Еще чего не хватало. В этом варианте хотя бы не вру явно: ко мне уже так обращались, пусть по здешним меркам моя степень философская, а не медицинская.
И фамилия моя совсем по-манхэттенски звучит, впервые подумал, спасибо родителям.
— Нет — так нет, может, желаете слегка приталенный?.. Ну и правильно, сэр, классический стиль — на века. Но ваша фигура позволяет и по моде. Когда увидала вас впервые — сразу решила: доктор и профессор, уж я людей изучила.
Мгновенно втянул живот, лесть никогда не плутала на пути ко мне, гляди — разговорилась, а я не удосужился за годы ее имя узнать.
— Десять минут, не больше. Подождете?
— Шур, — другие скорости, кругом компьютеризованные автоматы, время бледных белошвеек с исколотыми пальцами кончилось давно.

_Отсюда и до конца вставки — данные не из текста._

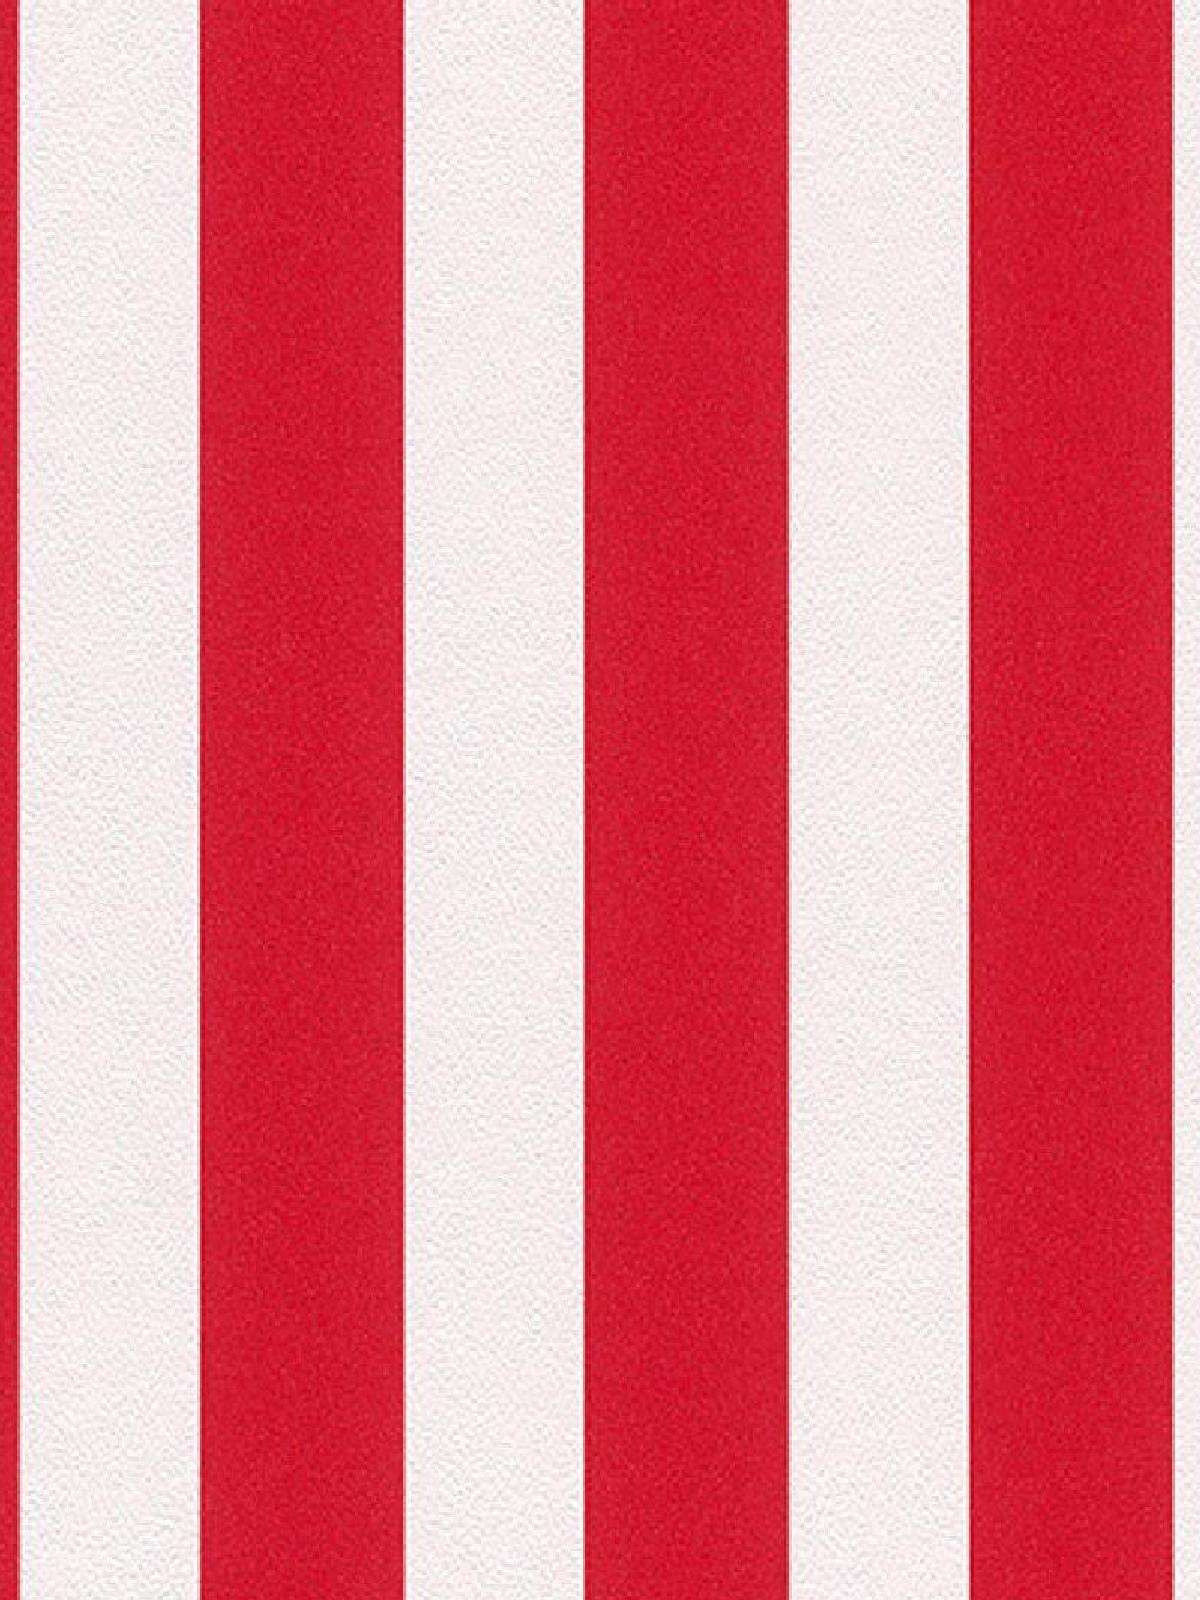 Printables. Stripes wallpaper, Wallpaper, Red and white stripes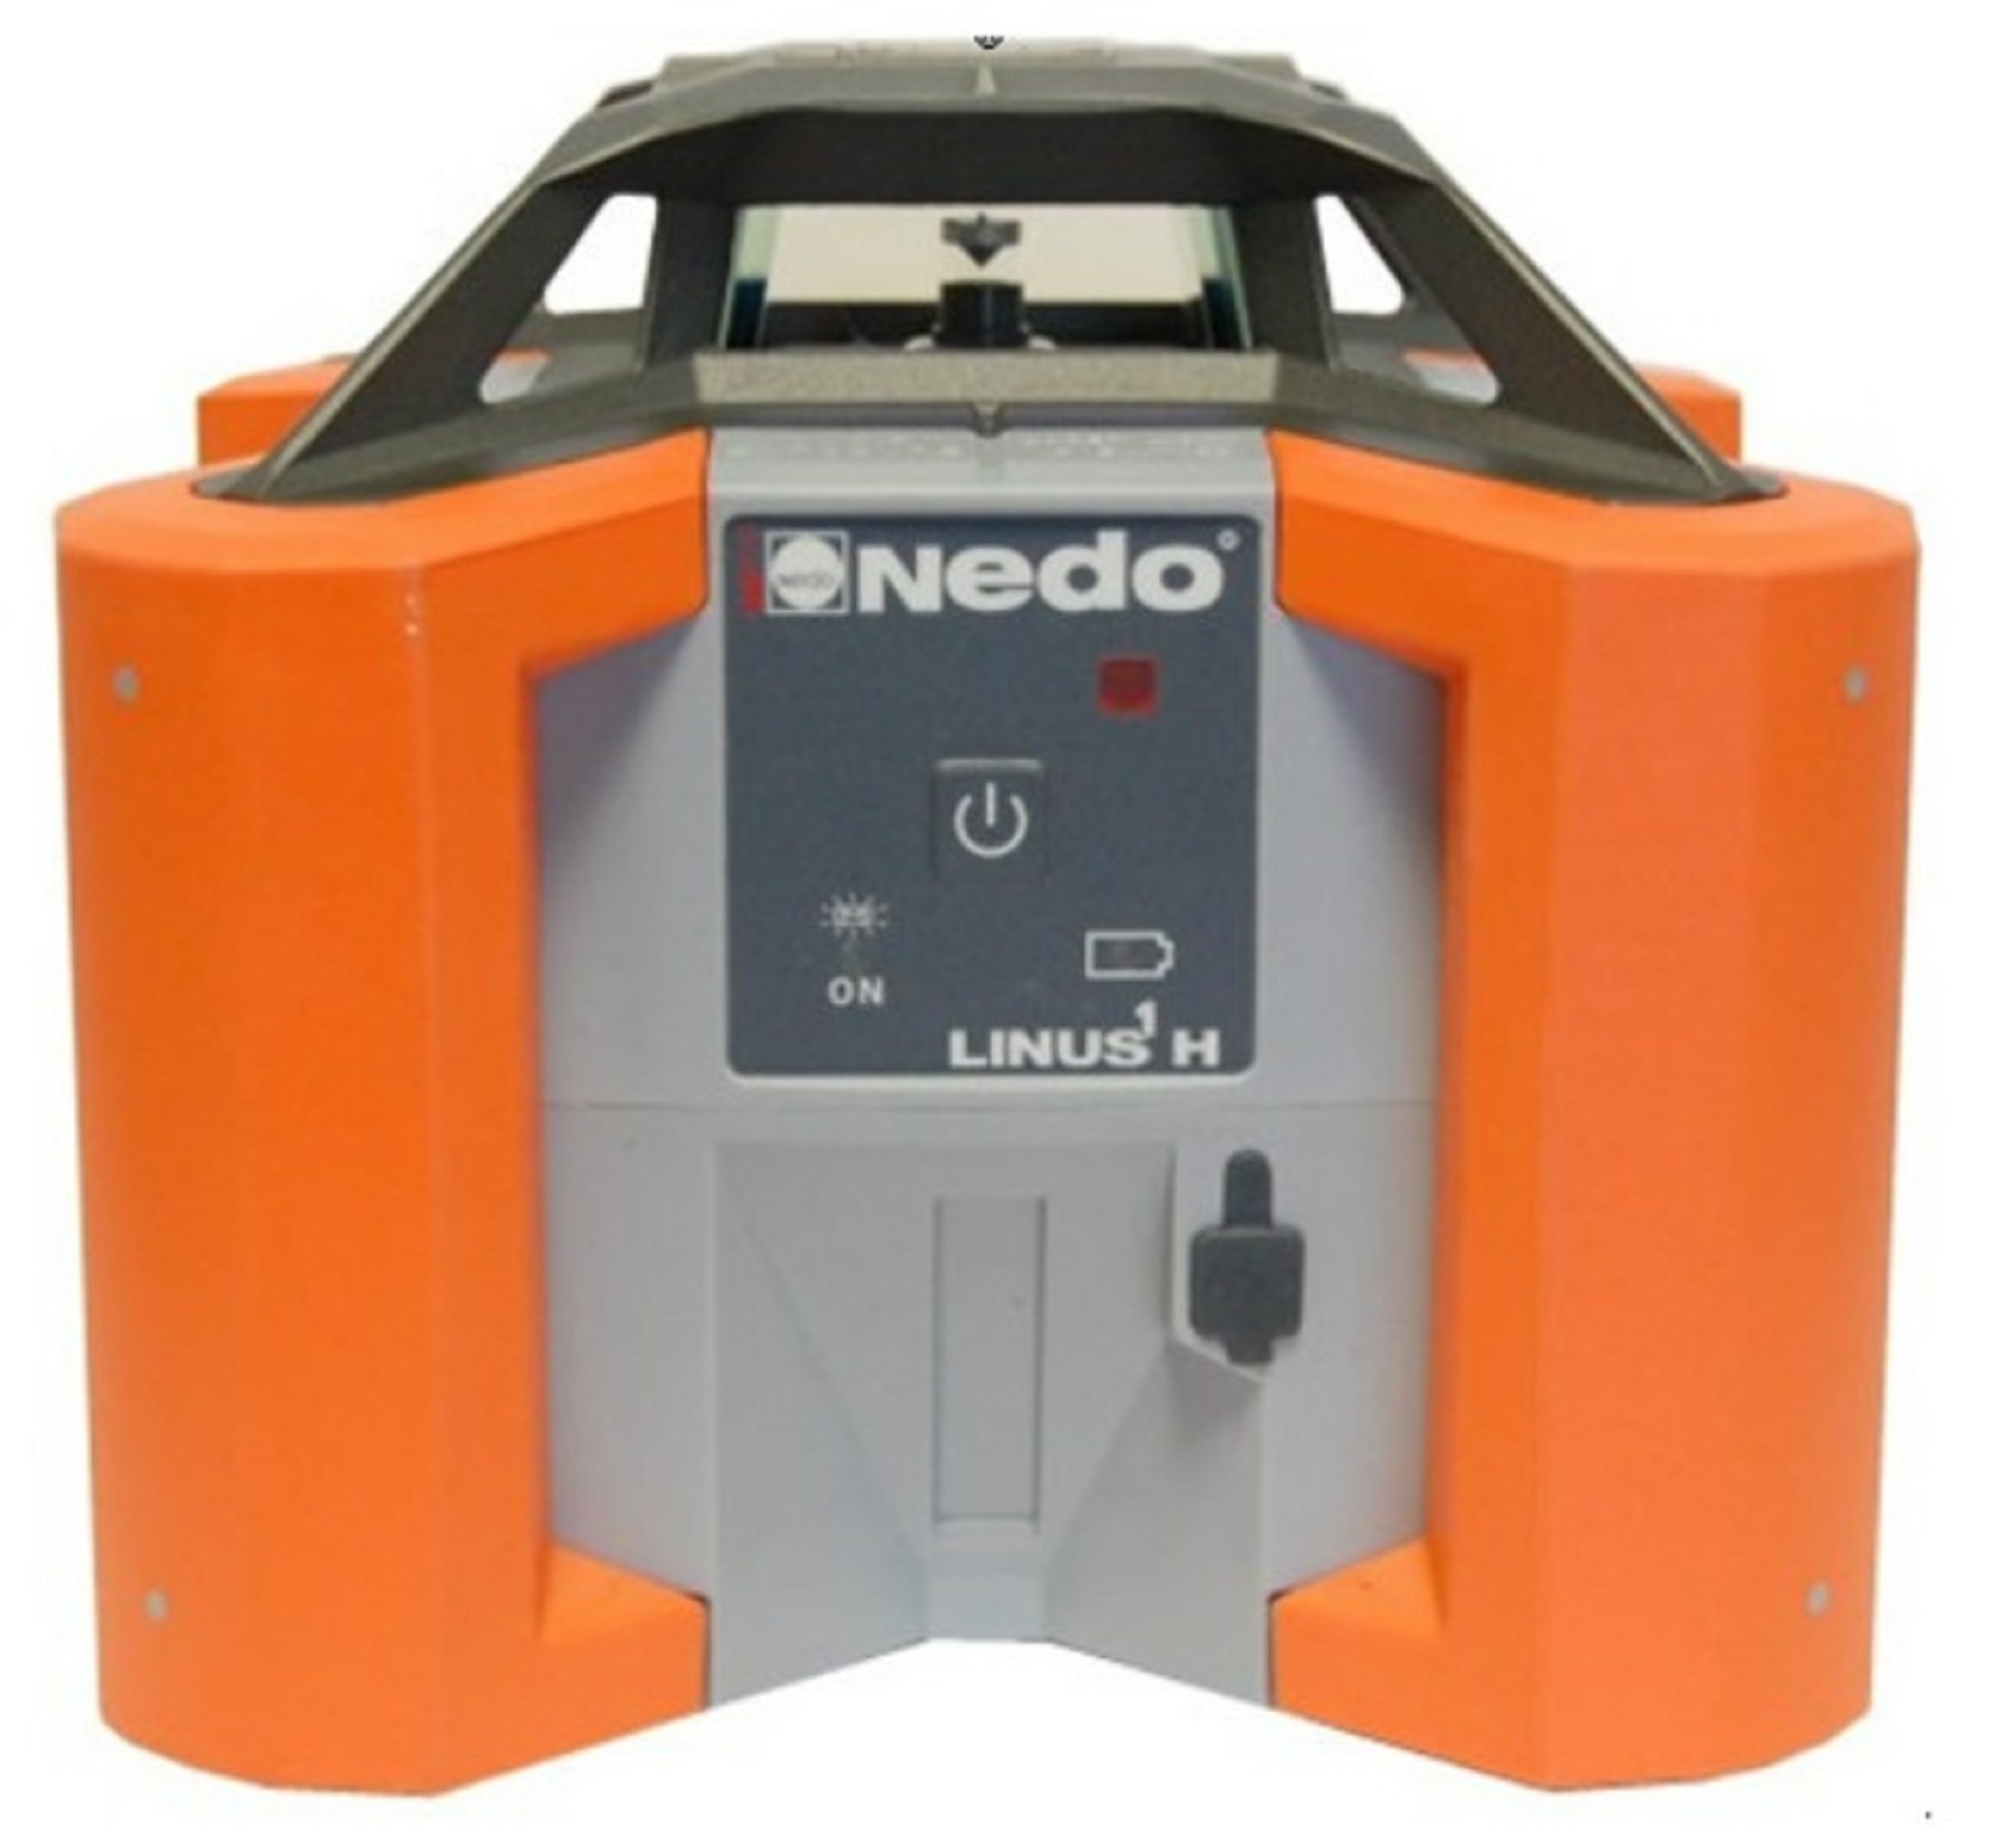 Nedo Linus1 H - horizontale laser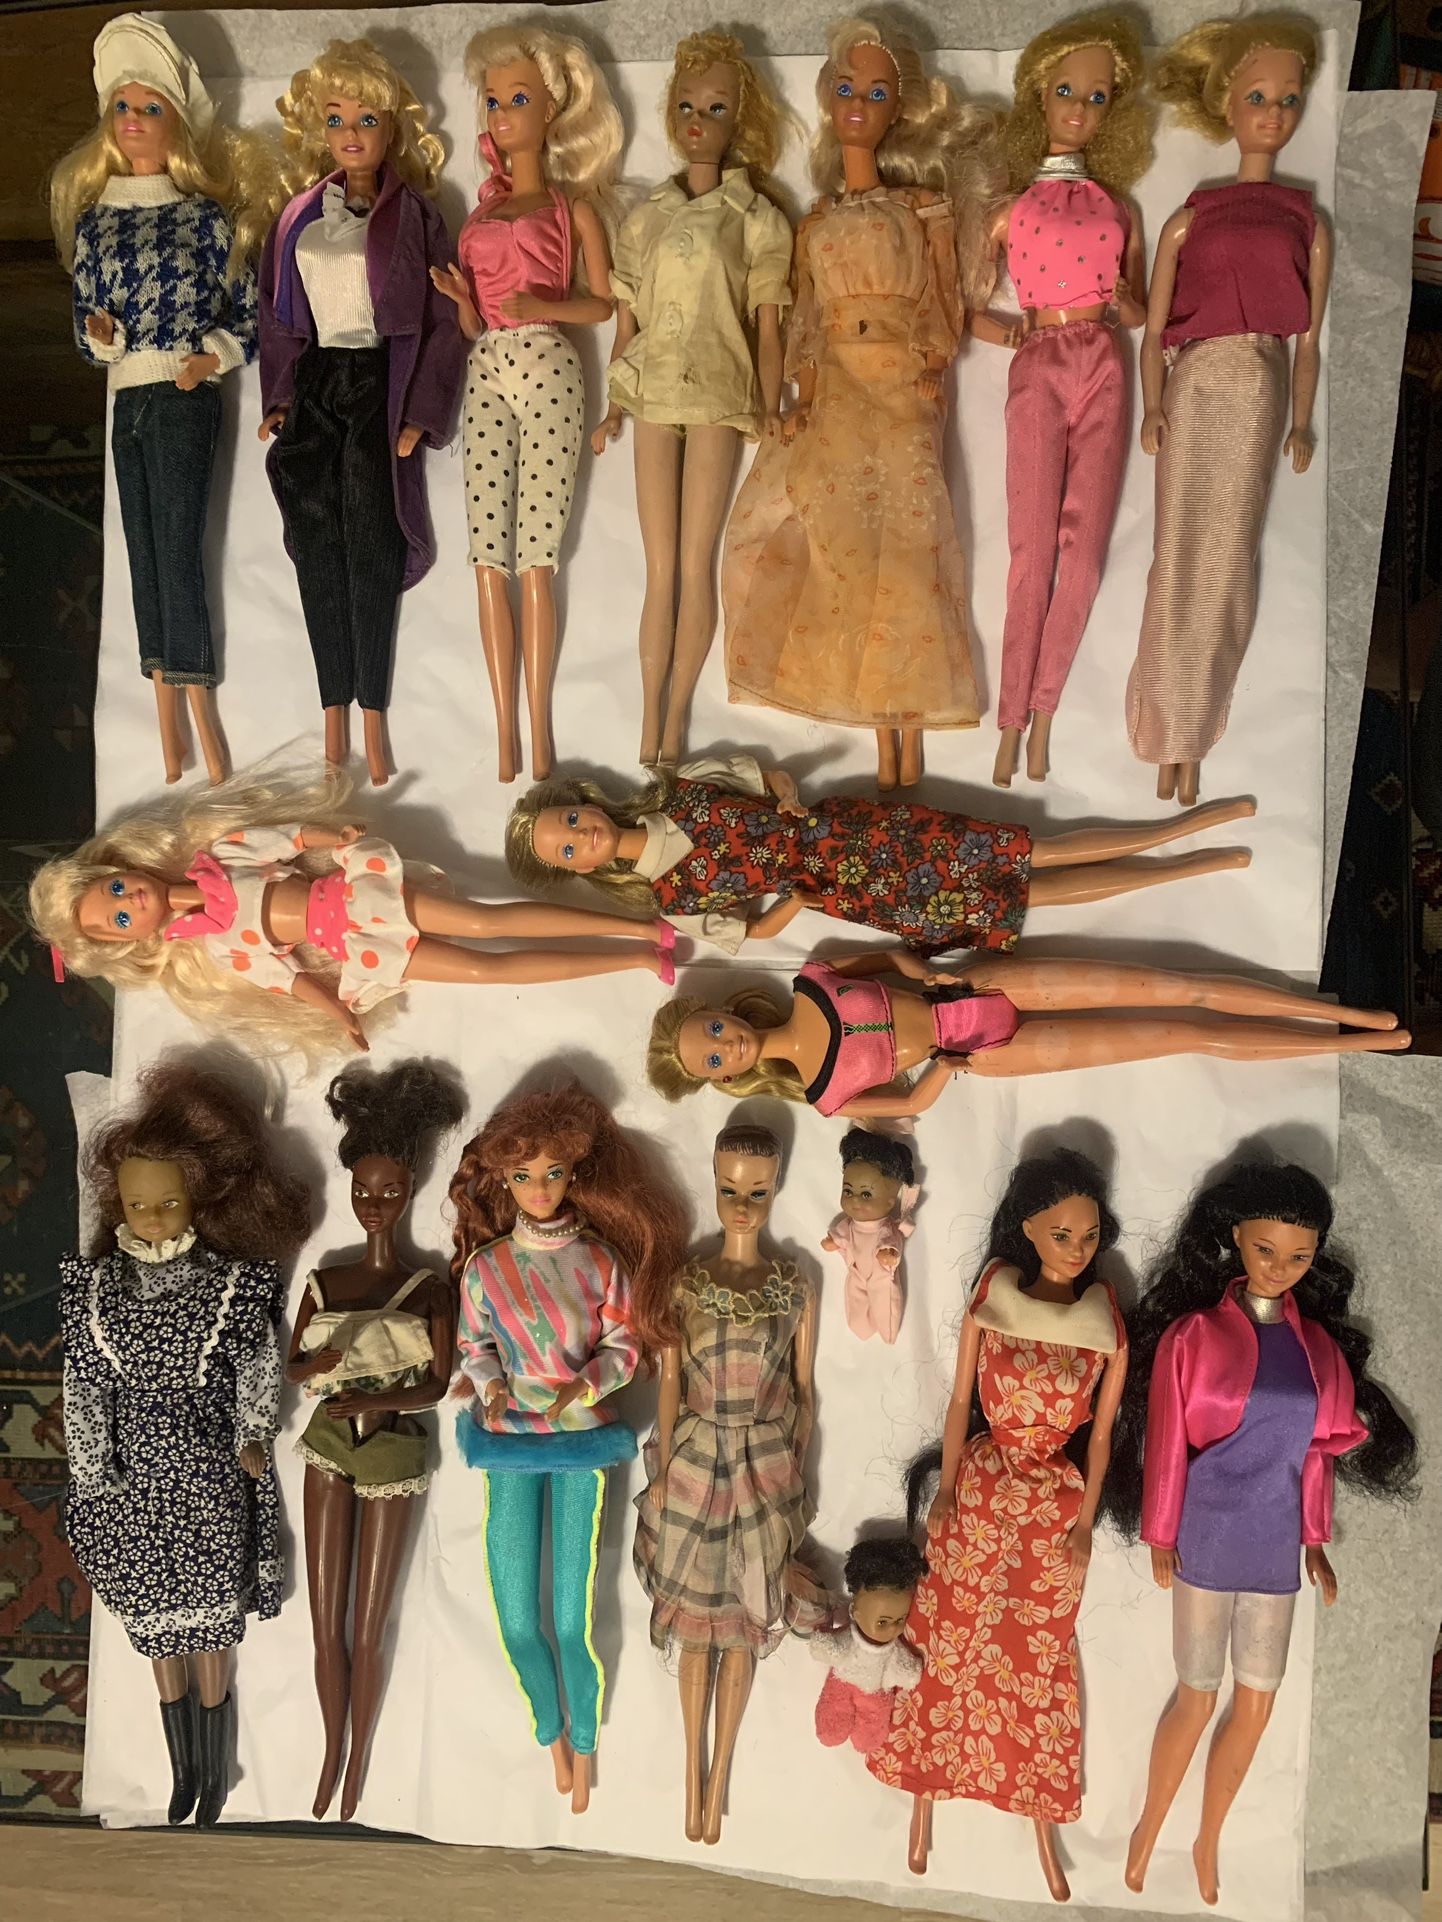 Barbie & Ken Dolls, Clothing, Furniture & Accessories

За углом, перед входом в «мой» госпиталь, вынул из фирменного пакета белую спецодежду, надел — и мгновенно растворился среди целителей. Охрана улыбалась даже шире, чем в первый раз — будто доброму знакомому. А дальше со мной здоровались не только пациенты, но и медики! Именно на такое «признание» и рассчитывал. Отовсюду звучало: «доктор-доктор-доктор», и по настоящим данным с кармана называли — ну что тут скажешь? Предположим, половина этих приветствий — просто привычка, формальность, мгновенная гримаса. Но остальные?! За модным мудреным словом «эмпатия» — каждодневные маленькие победы овладевшей обществом идеи свободы личности, потяжелевший культурный багаж населения и, конечно, высочайший престиж профессии врача — жить долго и без мучений хотят все.
А я собираюсь всем этим воспользоваться. Во благо ведь, не для личной выгоды. Но если мой обман раскроется, — какой позор будет, лучше не думать.
Кстати, чистюлю с юга зовут Сонг, то-есть Песня — очень поэтично, она из Вьетнама, одинокая. Узнал за десять минут. «Профессор»… Милая женщина.
Начал с обхода этажей, их больше двадцати, коридоры длинные, работы не на один день. Первый этаж — и первый прокол: «Здравствуйте, доктор, вы прочли мой мейл? Очень сложный случай, не правда ли? И все ссылаются на ваши методики! Но тут же совершенно другая стадия, не так ли?» — на вид — ровесница моих детей, напористая, румяная, прижимает обеими руками толстую картонную папку к высокой груди, вышивку на кармане загораживает… Ответить: «Простите, ошибка вышла?» Тогда очевидно последует продолжение: «Как, что, почему?» А потом: «Сравним спеллинг. А шуршащий, как ангельские крылья, накрахмаленный прикид — откуда?..» Не пора ли мне уже орать: «Караул!?» Выдыхаю медленно, по наитию гляжу на часовой циферблат на левом запястье.
«Понимаю, понимаю, сама спешу, увидимся на конференции, извините». Сердце колотится около горла, вижу неясно, спину щекочет стекающий пот… А если рухну тут же в коридоре? Ну, умереть они мне не дадут, почти наверняка. Что же я делаю, идиот?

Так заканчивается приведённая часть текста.